Read High Country Nocturne Online
Authors: Jon Talton
Lindsey's color had returned and the medicos were happy with her vital signs. For the first time, the hard realist inside me began to have hope.
I read her some favorite Emily Dickinson. But not about death kindly stopping for me.
When the nurses left, I said, “I almost got her. But she escaped. I let you down. They say her name is Amy Morris. But the name doesn't lead anywhere. Her driver's license is bogus. If you were up and around, you'd identify her in a heartbeat.”
The ventilator's rhythm was the only reply.
I was about to continue when a nurse returned to show me out.
As I sat down in the waiting room, my phone rang.
“Are you alone?”
It was Cartwright.
“Yes.”
“There's good news and bad news. Which do you want first?”
“Good, please.” I felt my body bracing against the institutional furniture.
“Lindsey isn't under investigation for anything. Melton lied to you. It turns out he was partners with Horace Mann⦔
“I know. Kate Vare told me they worked together.”
“Vare? The Phoenix detective?”
“She's pissed. She doesn't like being shut out by the feds.”
“Melton wanted you distracted. He's obviously working with Mann. Maybe your instincts weren't wrong.”
“Meaning?” I asked.
“Meaning Pamela Grayson went back to her hotel. She visited her father in north Scottsdale. He retired and sold his business back in Ohio. We didn't know she had a family connection here. Her visit might not be connected to the diamond theft. Now I wonder about Horace Mann, too. He might be a suspect, after all. The man was very prompt to volunteer to take over this investigation. Back in the Army, the first thing I learned was never to volunteer.”
I asked for the bad news.
After a long pause, “Lindsey had an affair with her boss.”
And several lovers while I was letting Robin seduce me. It was our time of madness. I didn't tell him that or that all I wanted was to have her back with me. So I said I knew. No stranger can really see the inside of a marriage.
“I'm sorry, man.
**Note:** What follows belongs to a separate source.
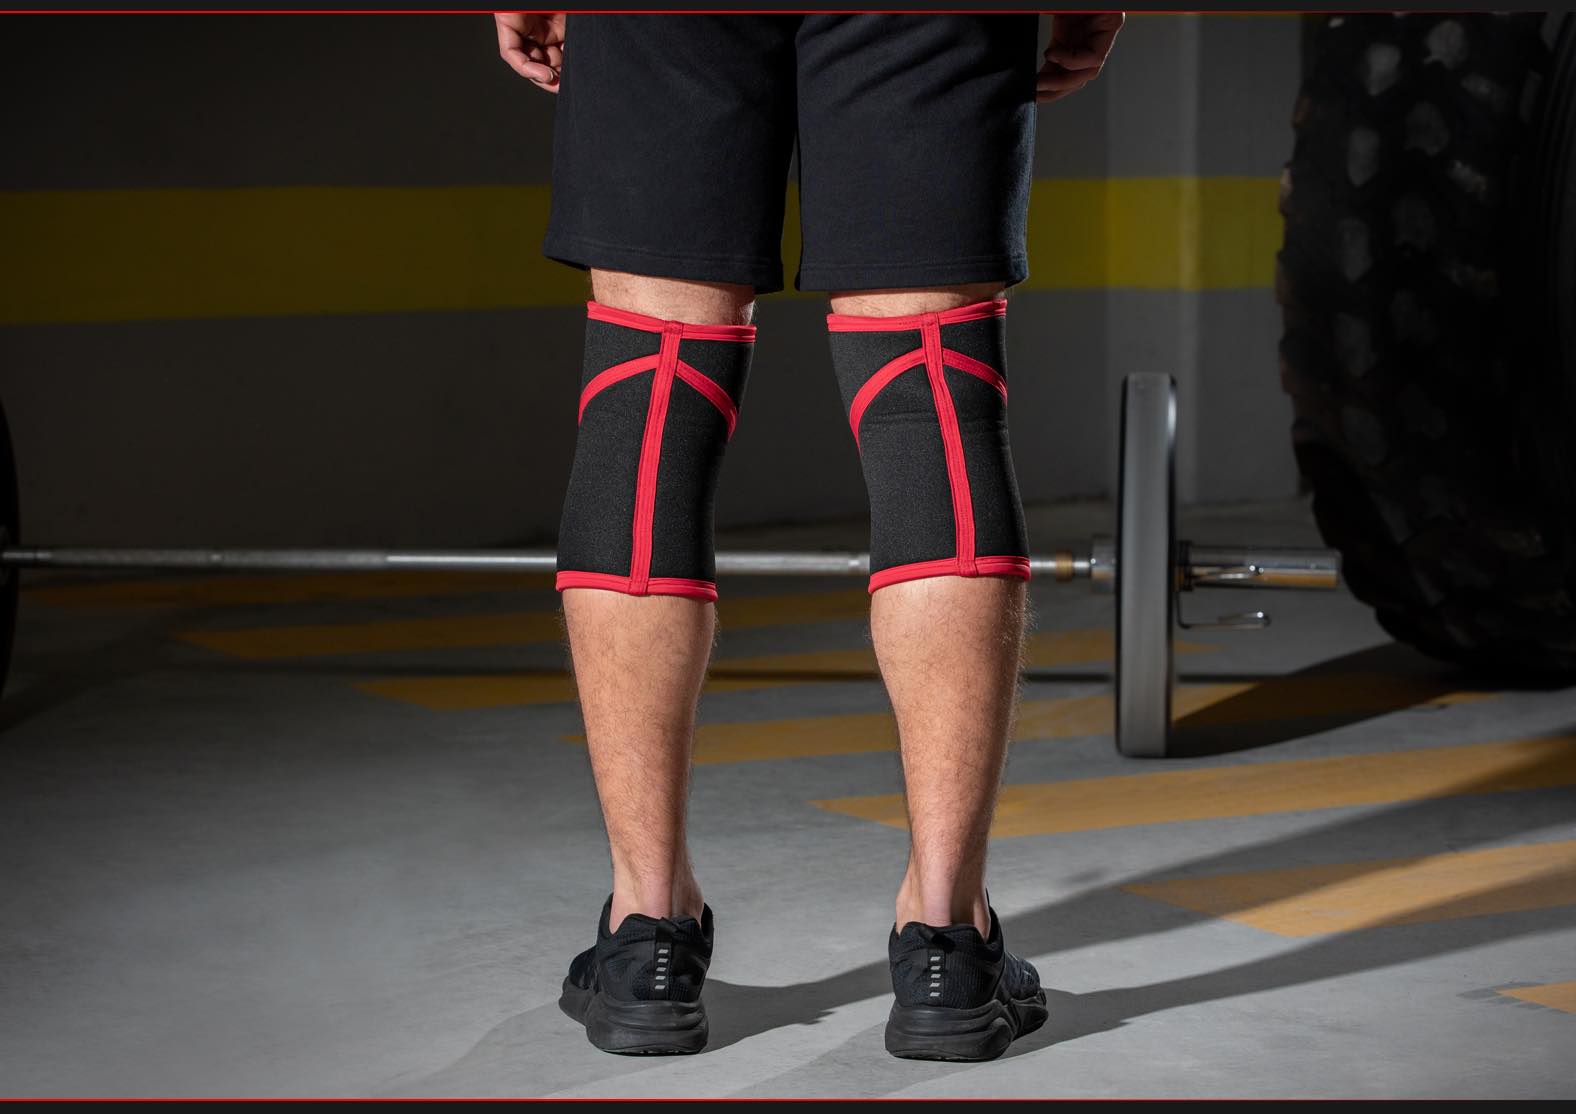 1 Pair Neoprene Knee Sleeves Weightlifting Ambition Fitness Gear Red & Black

Anyway, time for you to make the phone call to the guy who contacted you in Matt Pennington's office.”
I was suddenly exhausted again.
“Go have a hotdog at Johnnie's across the street,” he said.
“Johnnie's is closed.”
“Go to Johnnie's,” he said. “Knock on the back door six times and be prepared to show your identification.”
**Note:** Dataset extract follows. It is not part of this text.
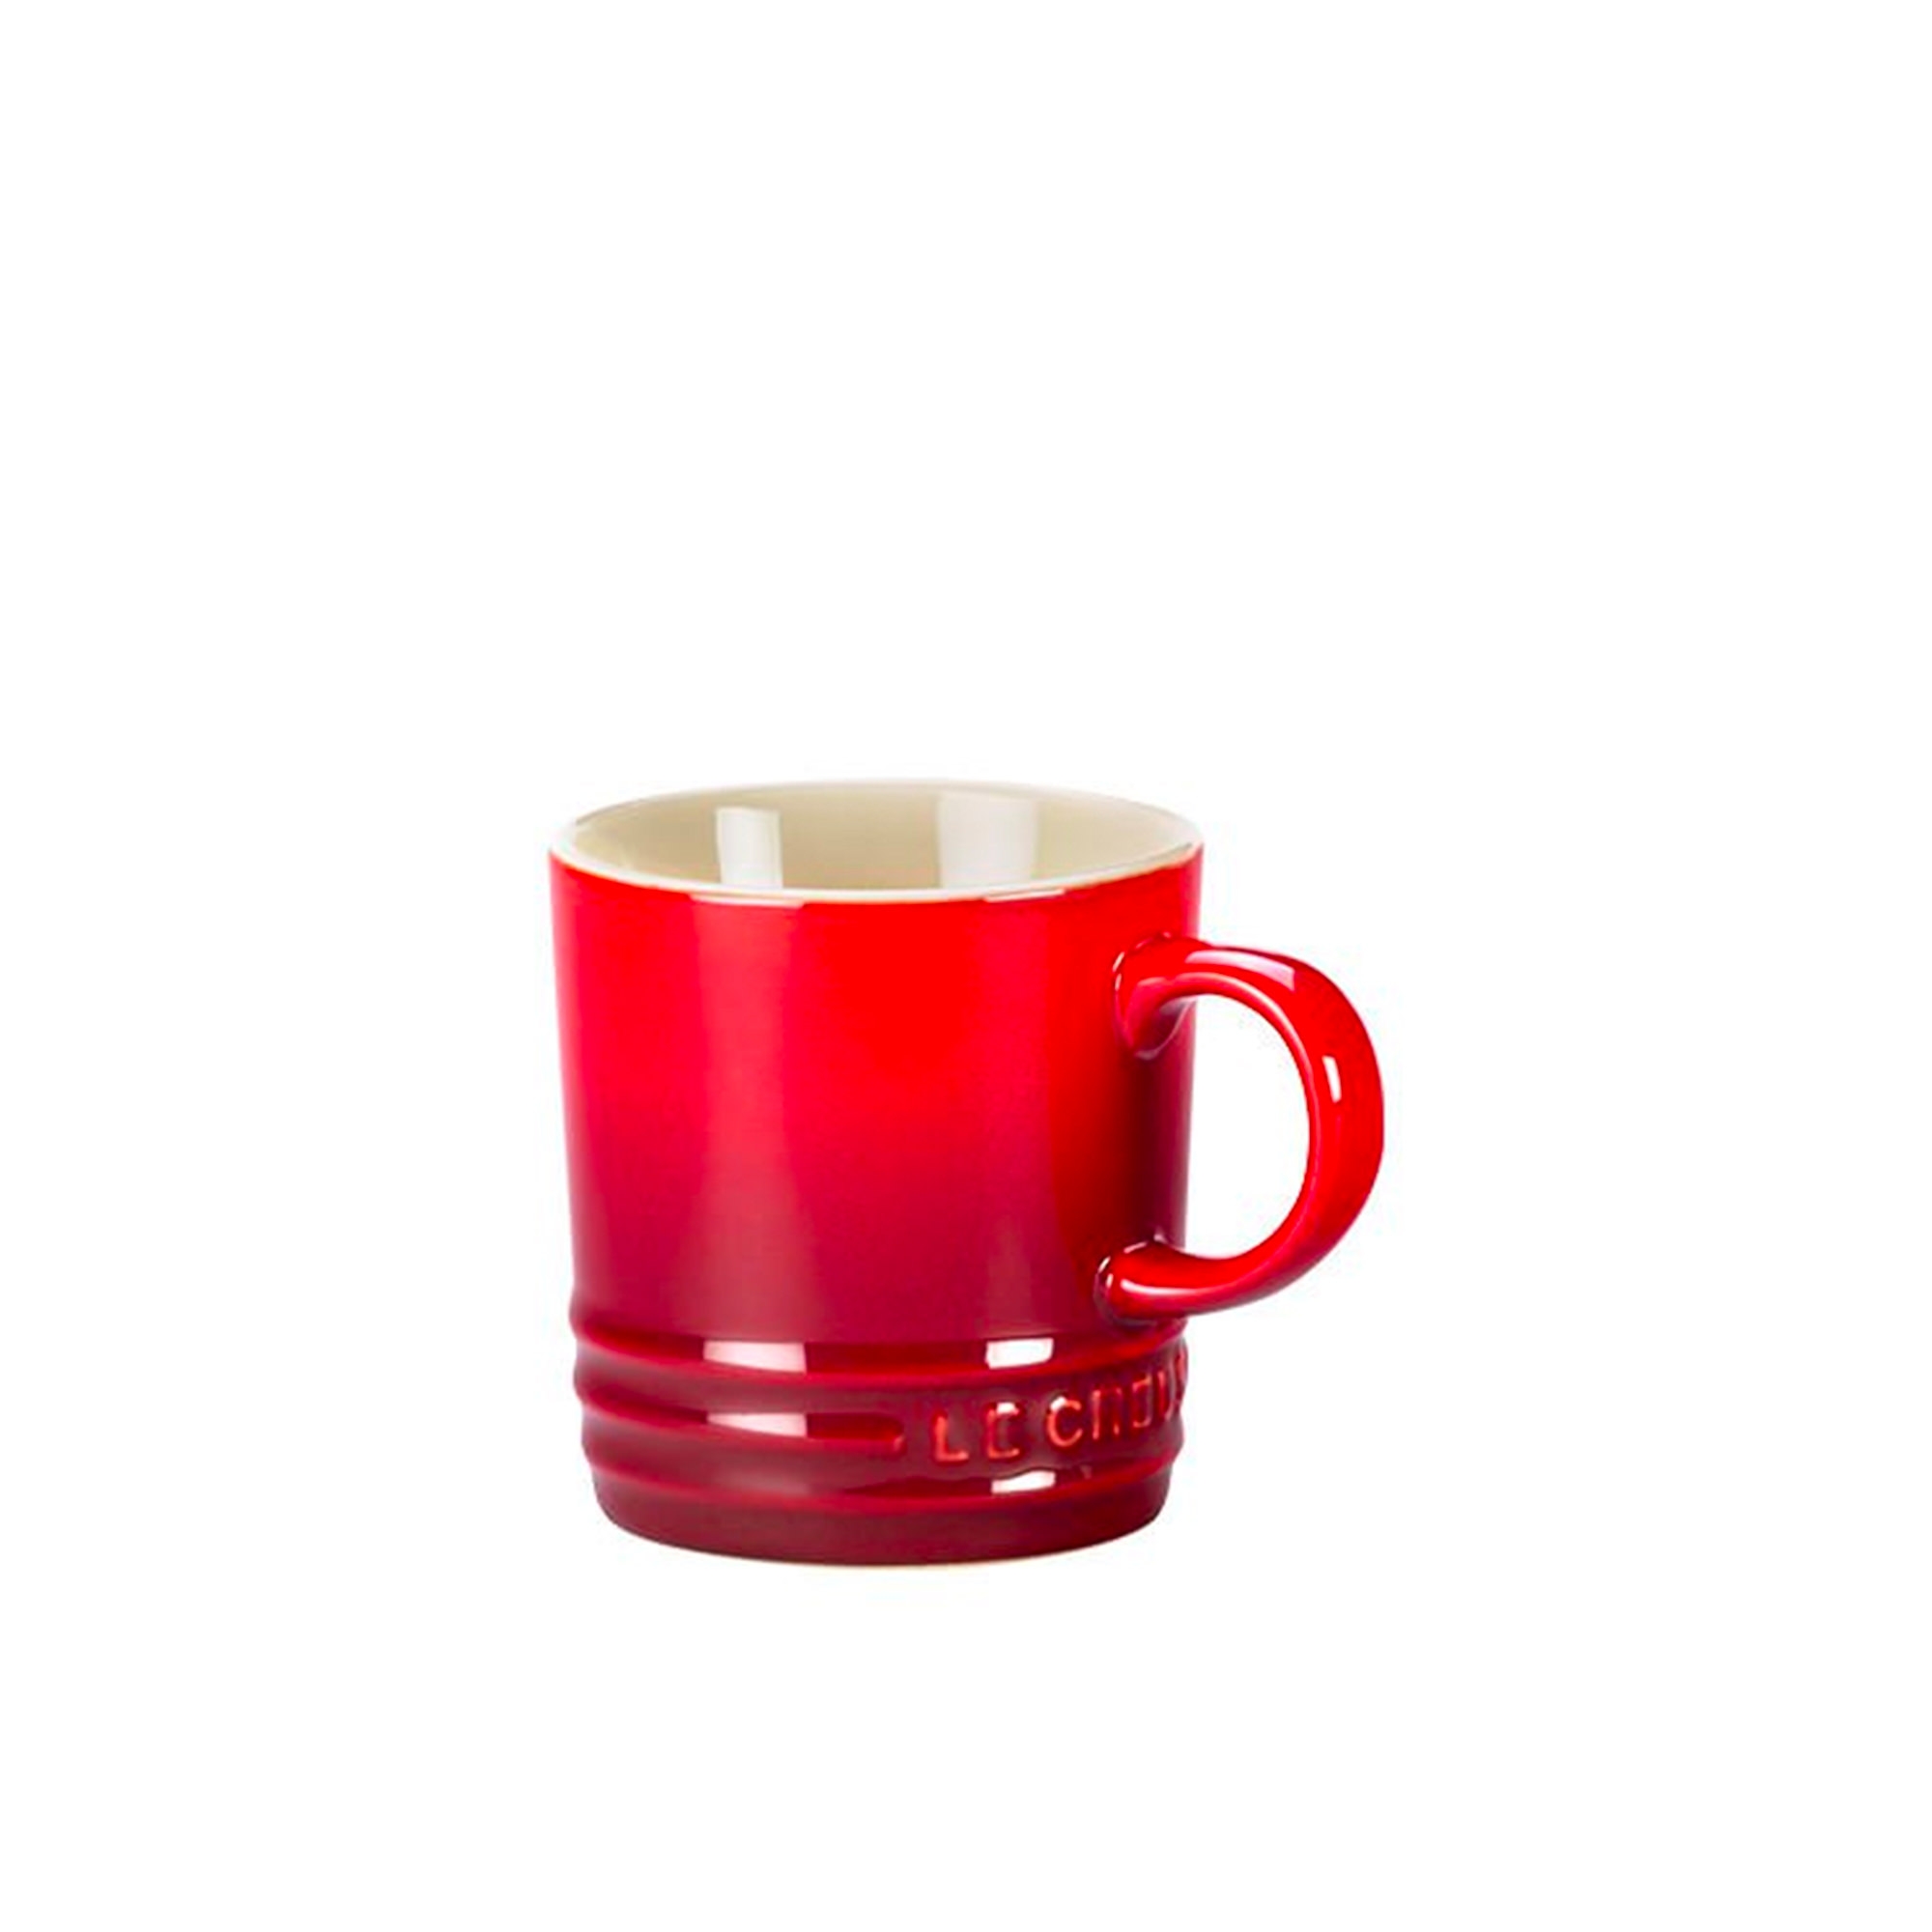 Le Creuset Stoneware Espresso Mug 100ml Cerise Image 1

“Should I come highly armed?”
“That would be a bad idea. Remember, back door.”
I thought he was going to end the call, but I heard a sigh. “One more thing, David. Don't contact me again. I need to lay low for this operation to work and for me to keep my cover.”
I said, “I'm going to find Peralta. And I'm going to find the woman who shot Lindsey.”
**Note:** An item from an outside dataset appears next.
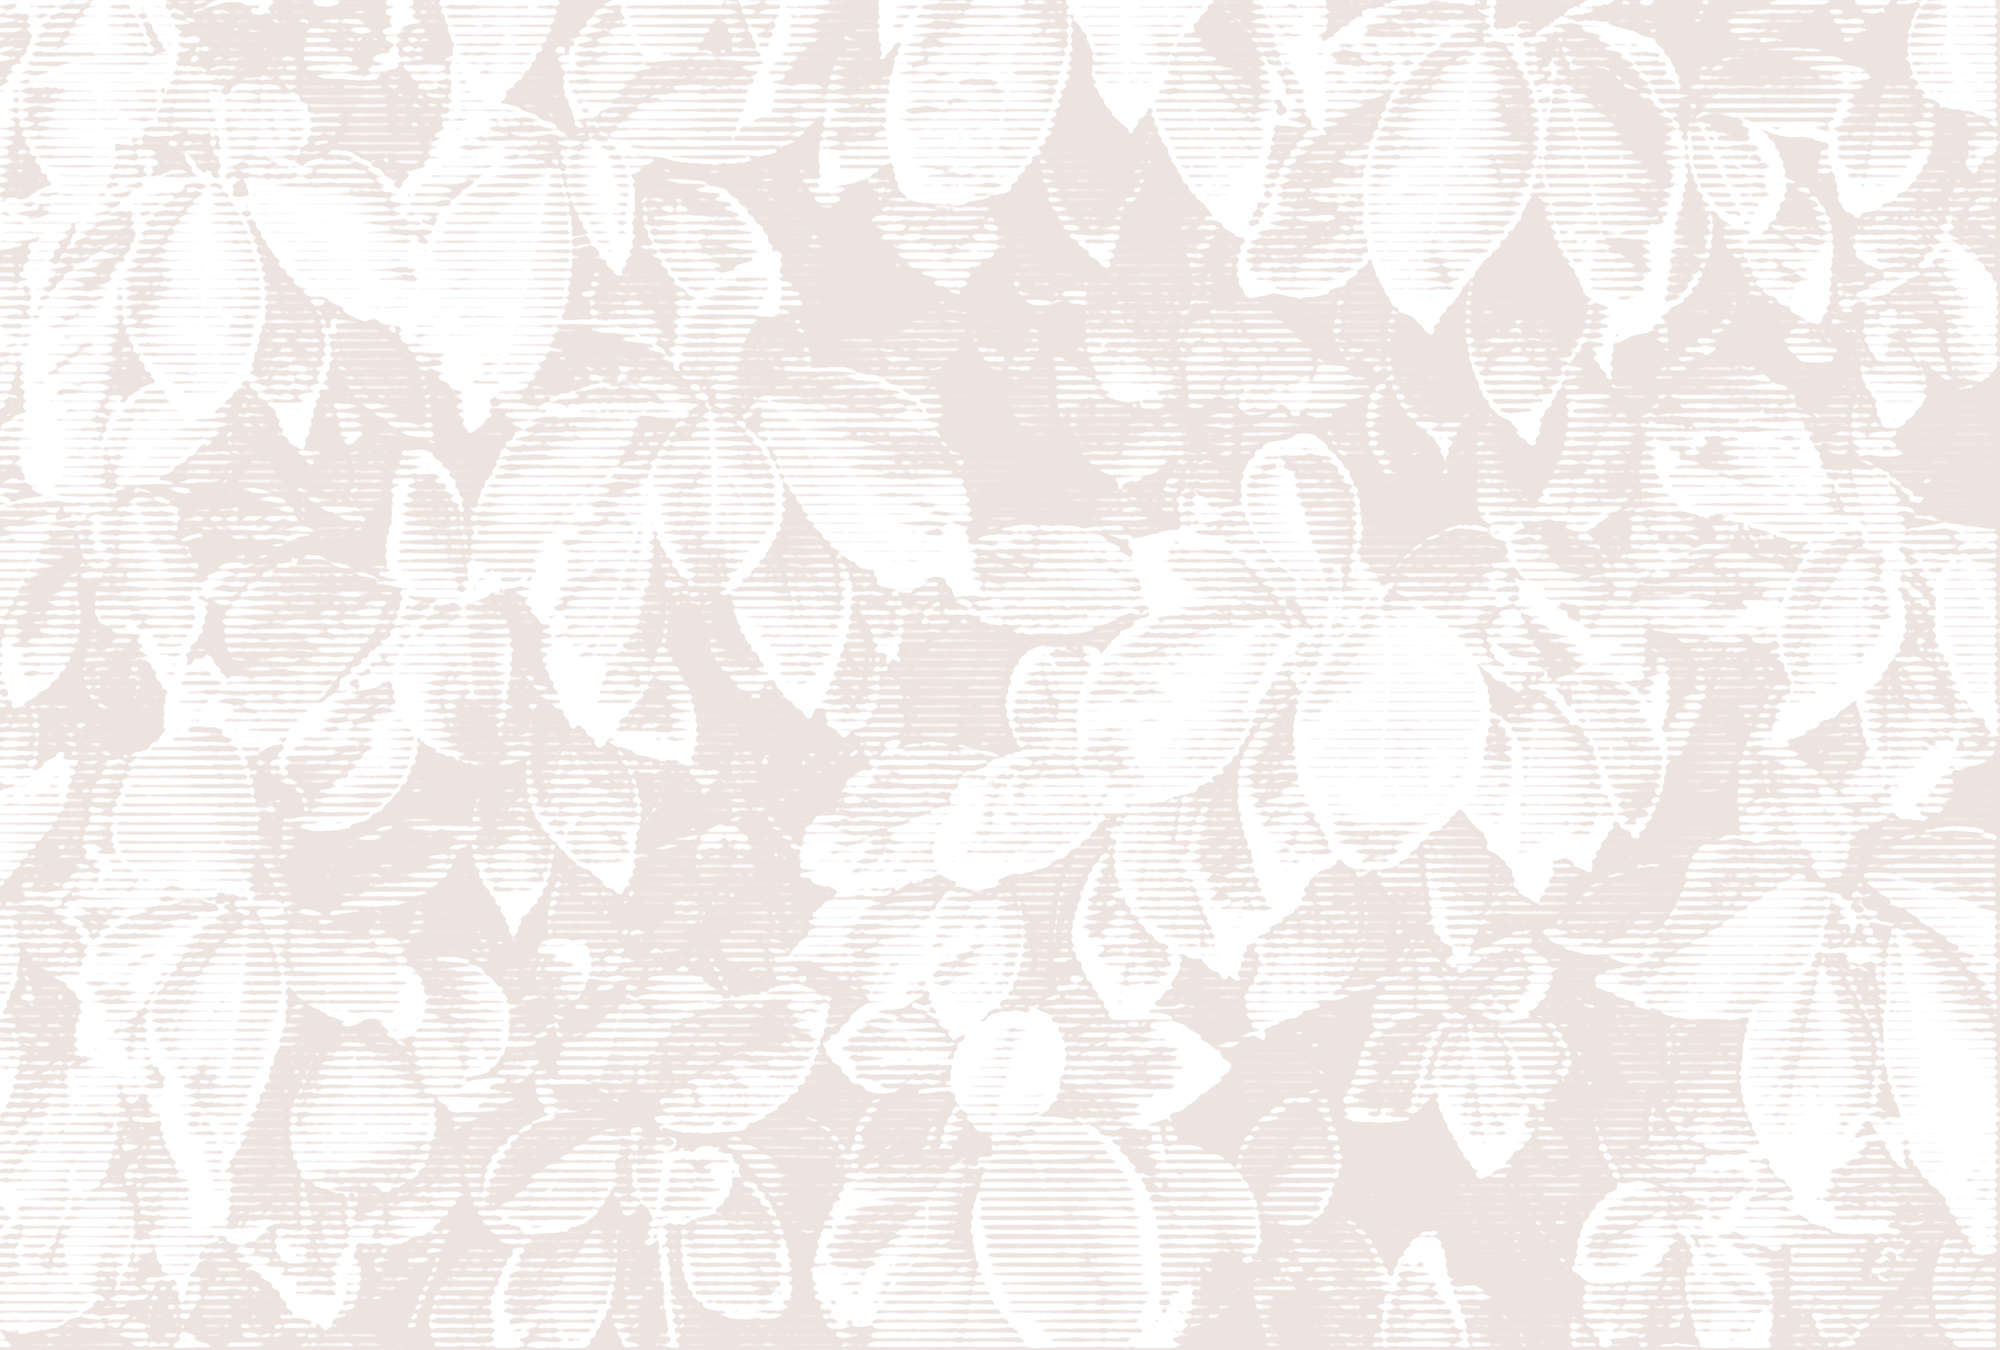             Carta da parati a foglie in stile Shabby Chic - Rosa, bianco

“I know.” And he was gone.
Chapter Thirty-two
Johnnie had made the best dogs in central Phoenix but now his shop was another empty storefront facing Thomas Road. The windows were covered with brown paper. Still, I did as Cartwright told me and walked around back. Puddles had gathered in the rutted asphalt.
I stood against the wall behind the liquor store and waited. Situational awareness: No one seemed to be following me. The alley was empty.
The back door to Johnnie's was white and battered, with a slit of a window guarded by bars. A sign was pasted to the center, black with orange letters, the kind you could buy at a hardware store: “Construction workers only.”
I rapped six times slowly.
A piece of paper peeled back from the slit, as if I were trying to get into a speakeasy. I held open my badge case until I heard a lock turn and the door opened long enough for me to step inside.
A big man with an assault rifle and ballistic vest told me to turn around and put my hands in the air to be searched. The lanyard around his neck showed an FBI identification.
“That won't be necessary.”
It was Eric Pham.
“Anchorage is hell this time of year,” I said. “But with climate change, it will get better up there.”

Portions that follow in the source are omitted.